# Been on this diet for 3 weeks and alot fuller and bigger and not much fat gain lol



## Bruze (Nov 5, 2011)

for all u hard gainers out there pay attention lol after watching is i was inspired straight away

most ive done is 5600 calories and i averaged to around 3800 a week

im 158lbs and 5'8


----------



## zack amin (Mar 13, 2012)

youd think hed be a lot bigger..? and it didnt show him finishing any of his meals lol


----------



## Bruze (Nov 5, 2011)

Mate hes put on 30lbs in 3 weeks? surley thats good gains for a natty just through eating pmsl


----------



## m575 (Apr 4, 2010)

Bruze said:



> Mate hes put on 30lbs in 3 weeks? surley thats good gains for a natty just through eating pmsl


Are you really that fvcking naive


----------



## Bruze (Nov 5, 2011)

m575 said:


> Are you really that fvcking naive


I don't really care to be honest mate LOL i just like the guys eating methods as i struggled to get 3k calories a day and now im able to push it past 5k


----------



## waddy9494 (Mar 9, 2012)

He didn't make me want to eat.
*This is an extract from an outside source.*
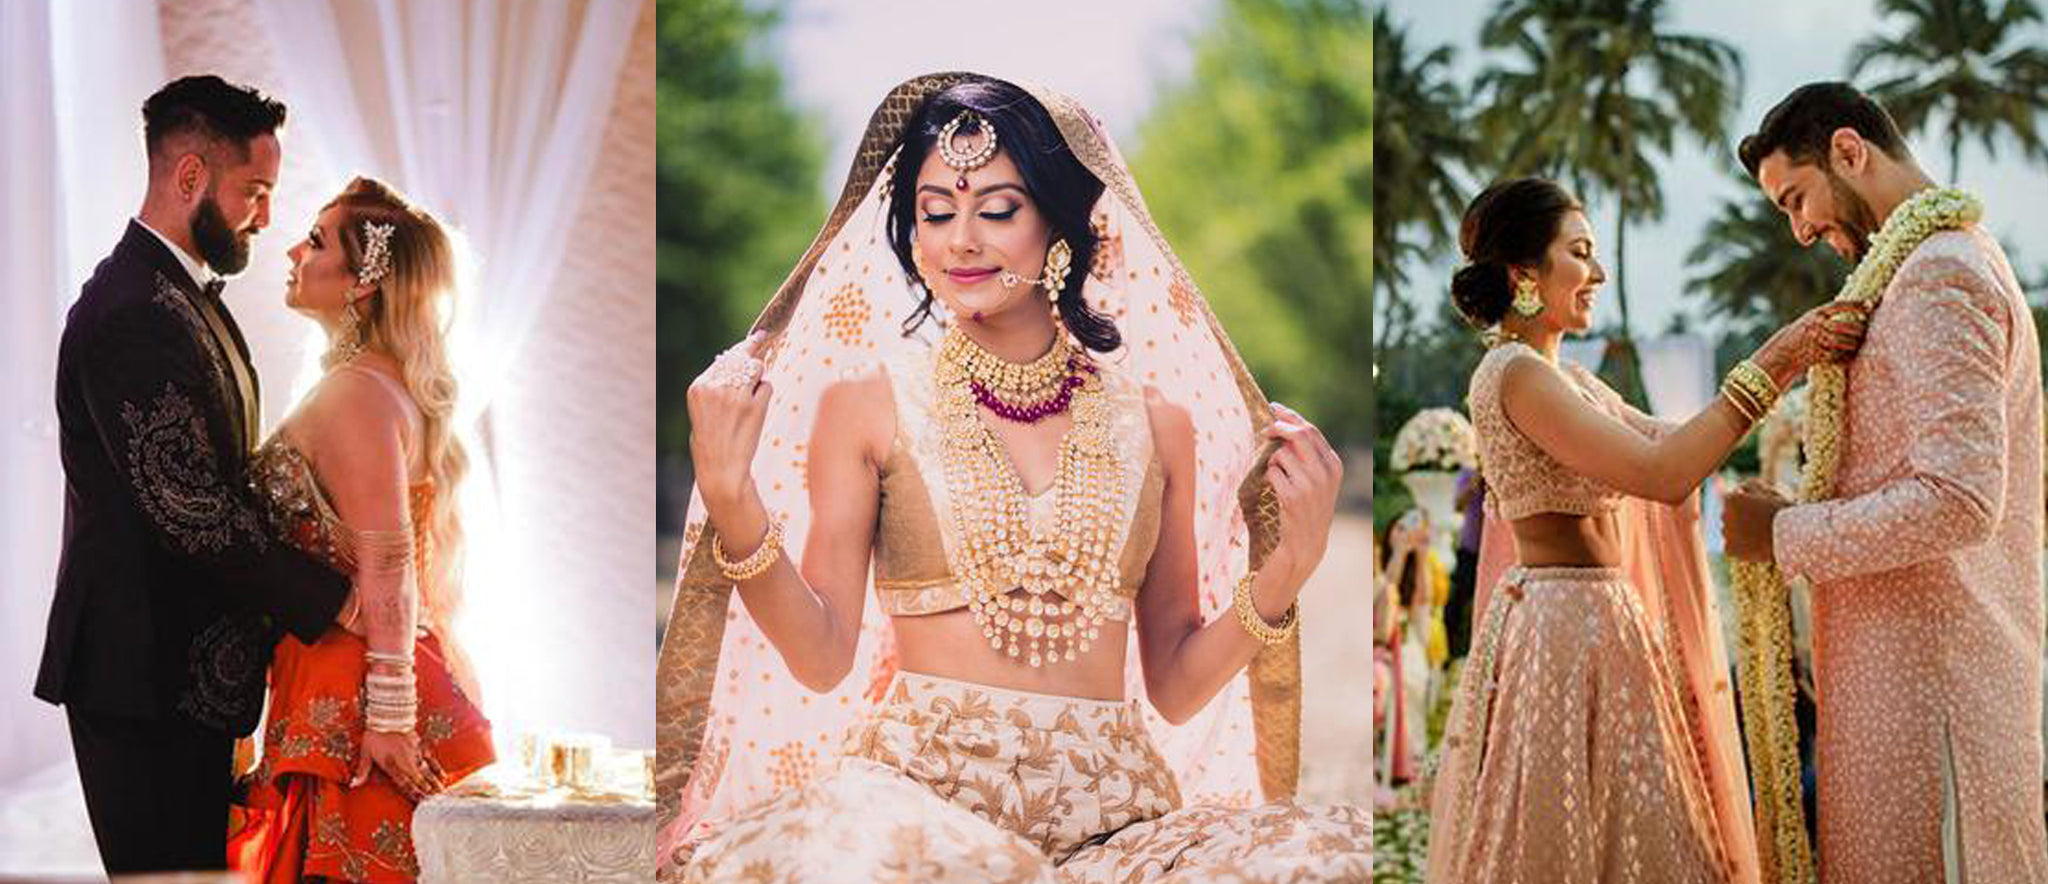 Indian wedding reception portrait in San Jose, CA Sikh Wedding by Wedding  Document… | Indian wedding poses, Indian wedding photography couples,  Wedding couple poses

He just made me **** my self laughing. He's **** funny. Plus anyone who has a full time can't eat the way he does&#8230;surely.


----------



## Kennyken (Jun 20, 2011)

So what do you that is exactly the same ?

Do you live in the uk ?


----------



## lolik (Apr 24, 2010)

if you are gaining more than 1 pound a month, and are natty the rest will more than likely be fat.


----------



## Markyboy81 (Jan 27, 2012)

30 lbs muscle mass gain in 3 weeks = impossible. In fact, 3lb muscle gain in 3 weeks is also impossible


----------



## vtec_yo (Nov 30, 2011)

Markyboy81 said:


> 30 lbs muscle mass gain in 3 weeks = impossible.


This. On a natty?

Umadbrah?

Unless you start off like an Ethiopian famine victim.


----------



## ooomoo (Jan 29, 2008)

I my god what a knob! Lol! Funny but a knob haha


----------



## 1Tonne (Jun 6, 2010)

lol, snorting Creatine and doing tricep ext worthy of a severe shoulder injury.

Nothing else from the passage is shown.